**Exercise data**
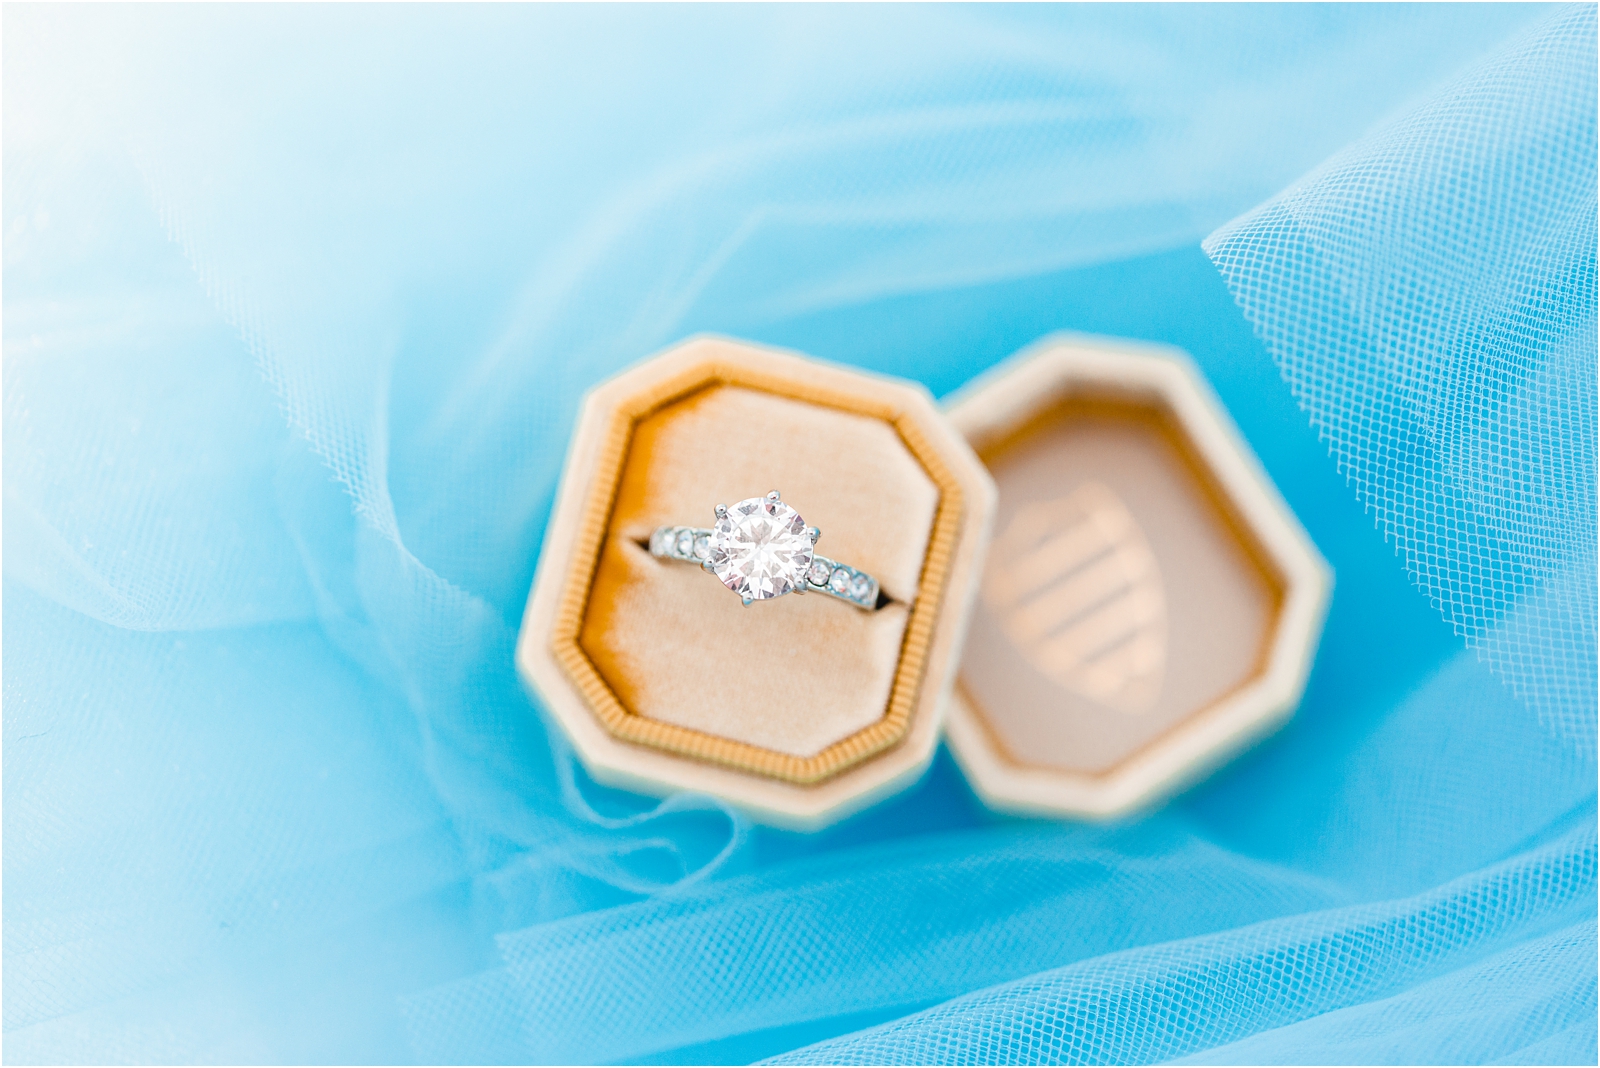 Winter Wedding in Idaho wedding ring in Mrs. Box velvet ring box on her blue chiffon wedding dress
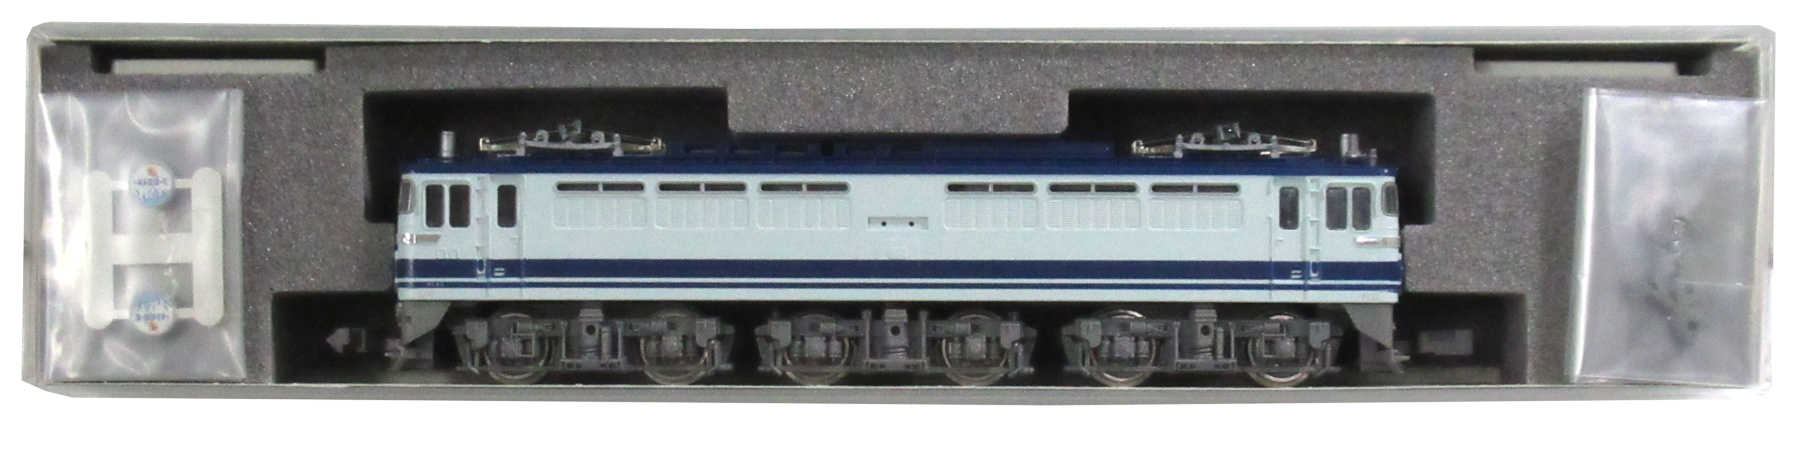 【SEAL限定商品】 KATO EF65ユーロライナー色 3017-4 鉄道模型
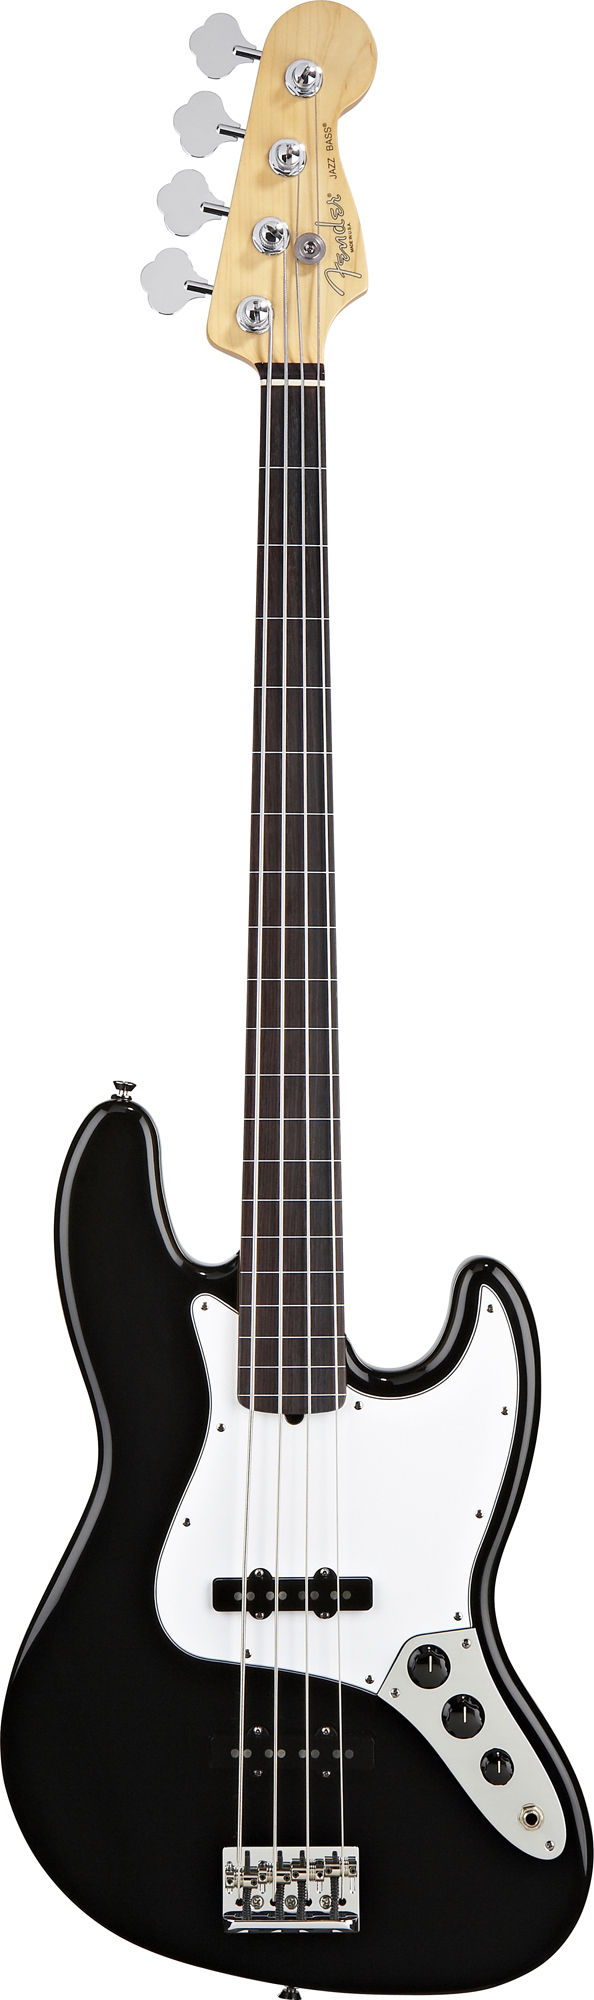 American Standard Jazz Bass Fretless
--
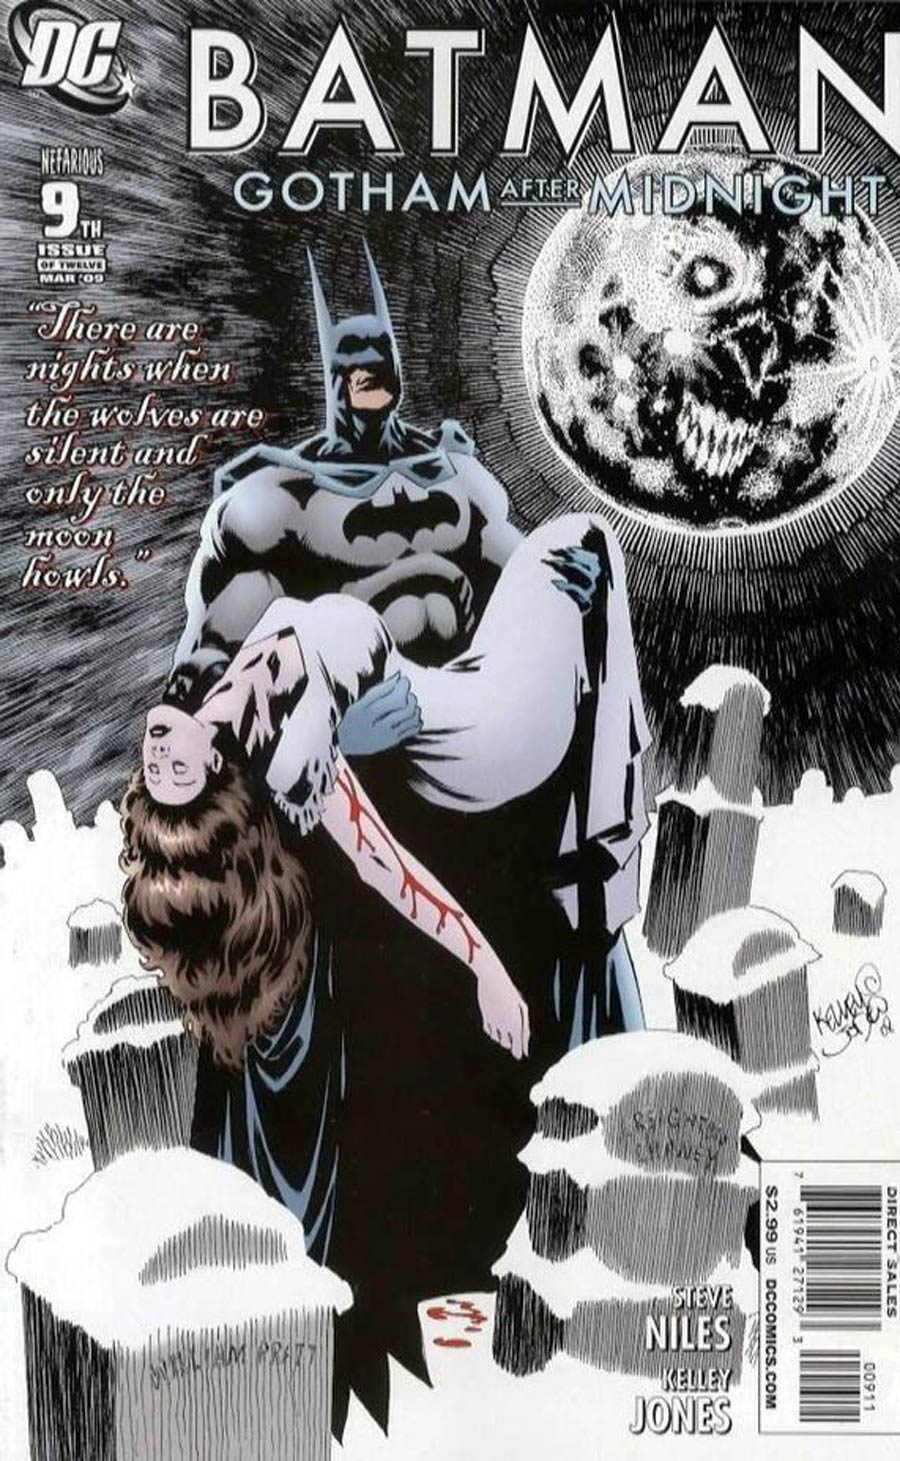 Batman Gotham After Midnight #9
---
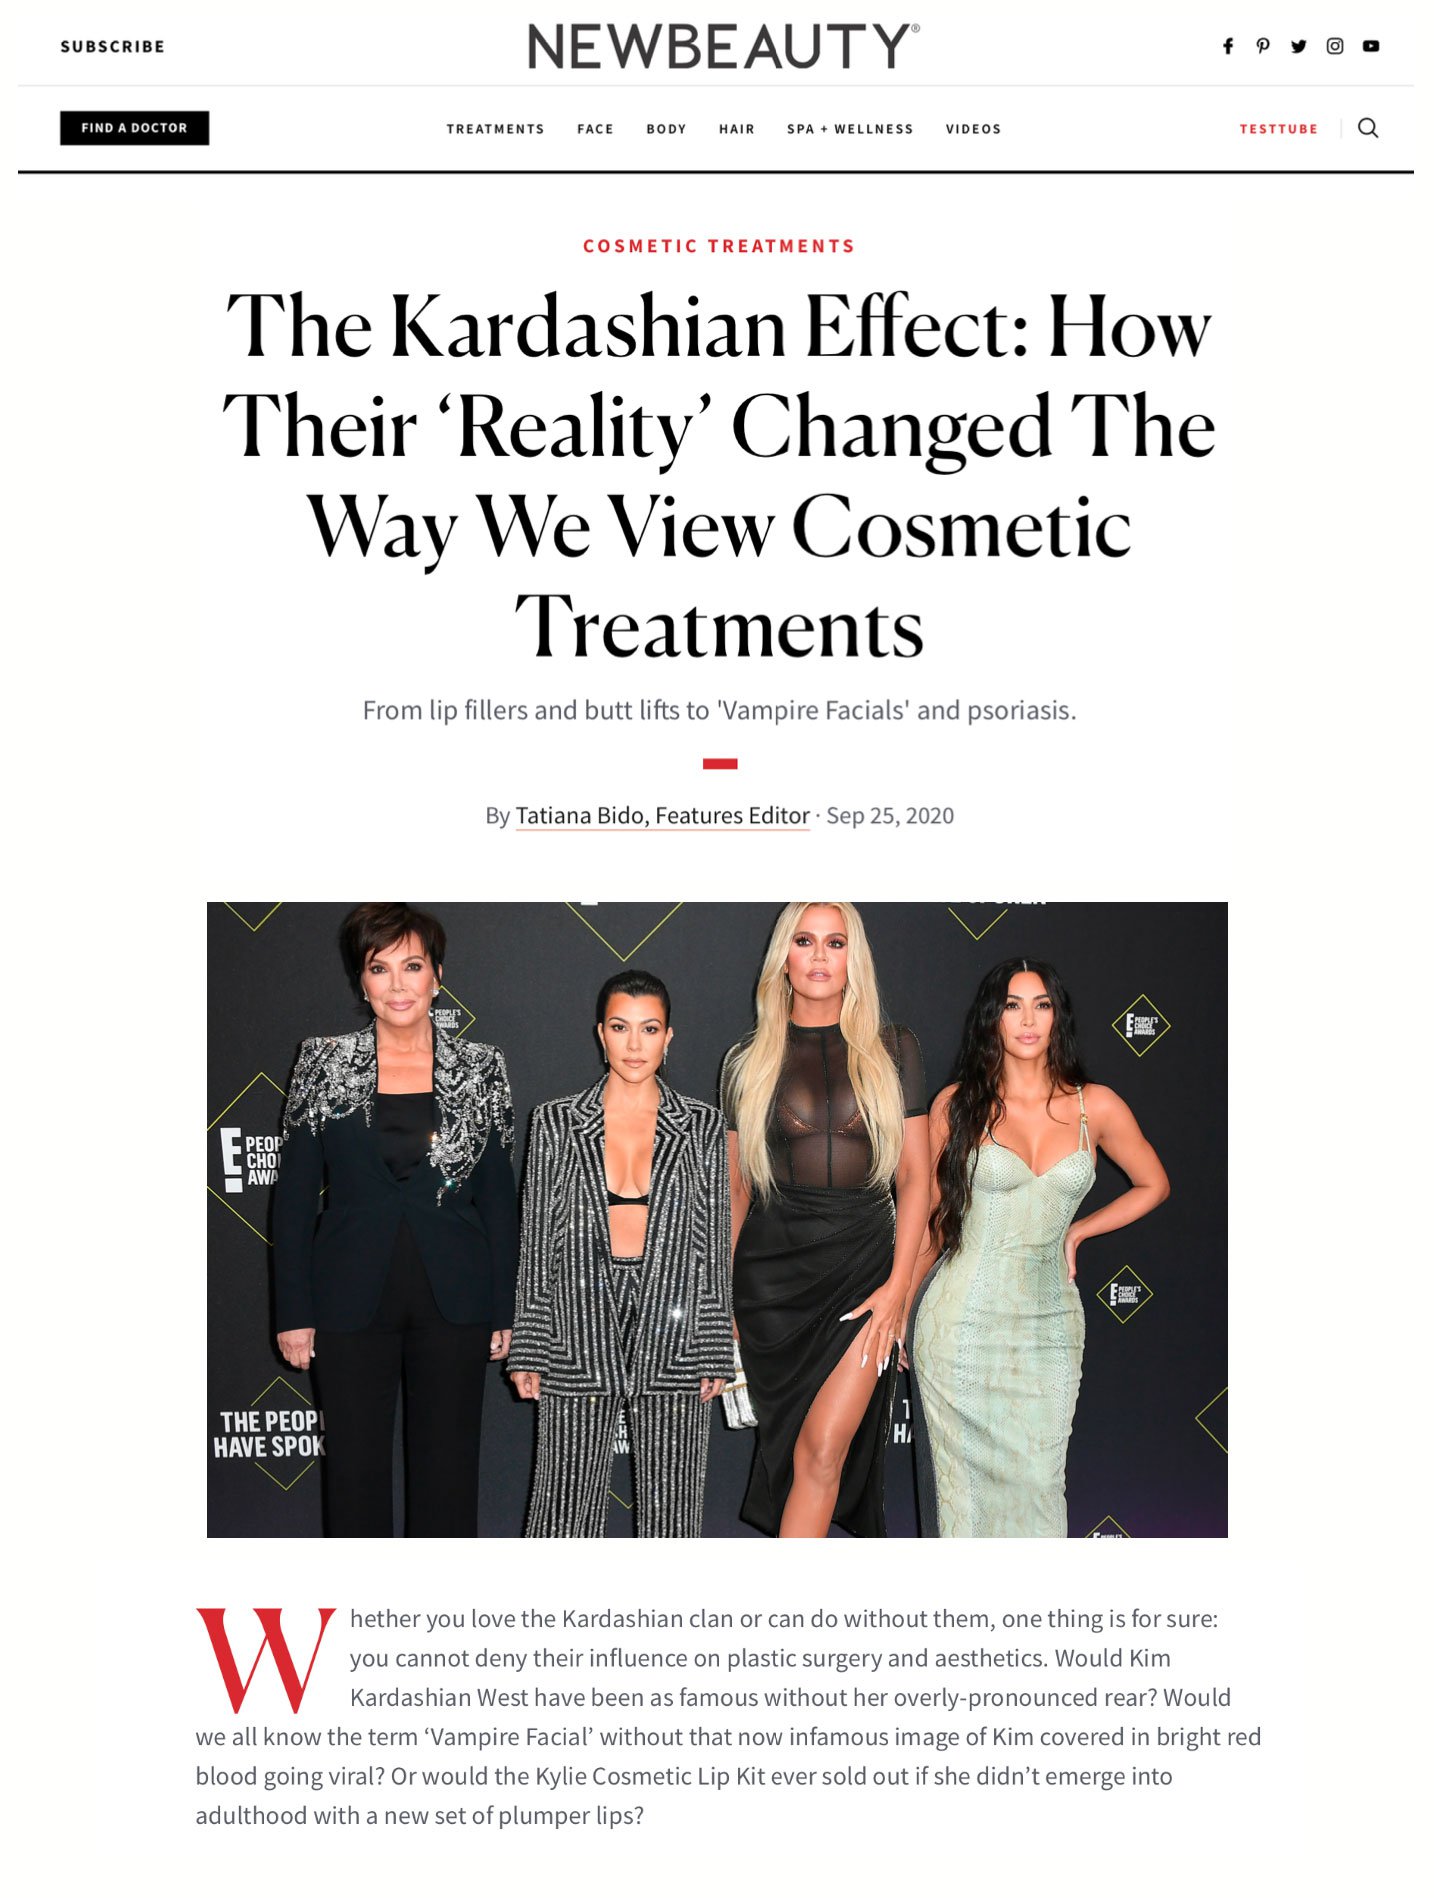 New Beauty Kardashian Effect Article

**Problem description**
Output only the lines above from the one containing "Winter Wedding in" to the one containing "American Standard Jazz Bass Fretless", both included, exactly as written and with no pictures.

**Solution to this problem**
 Winter Wedding in Idaho wedding ring in Mrs. Box velvet ring box on her blue chiffon wedding dress
 【SEAL限定商品】 KATO EF65ユーロライナー色 3017-4 鉄道模型
 American Standard Jazz Bass Fretless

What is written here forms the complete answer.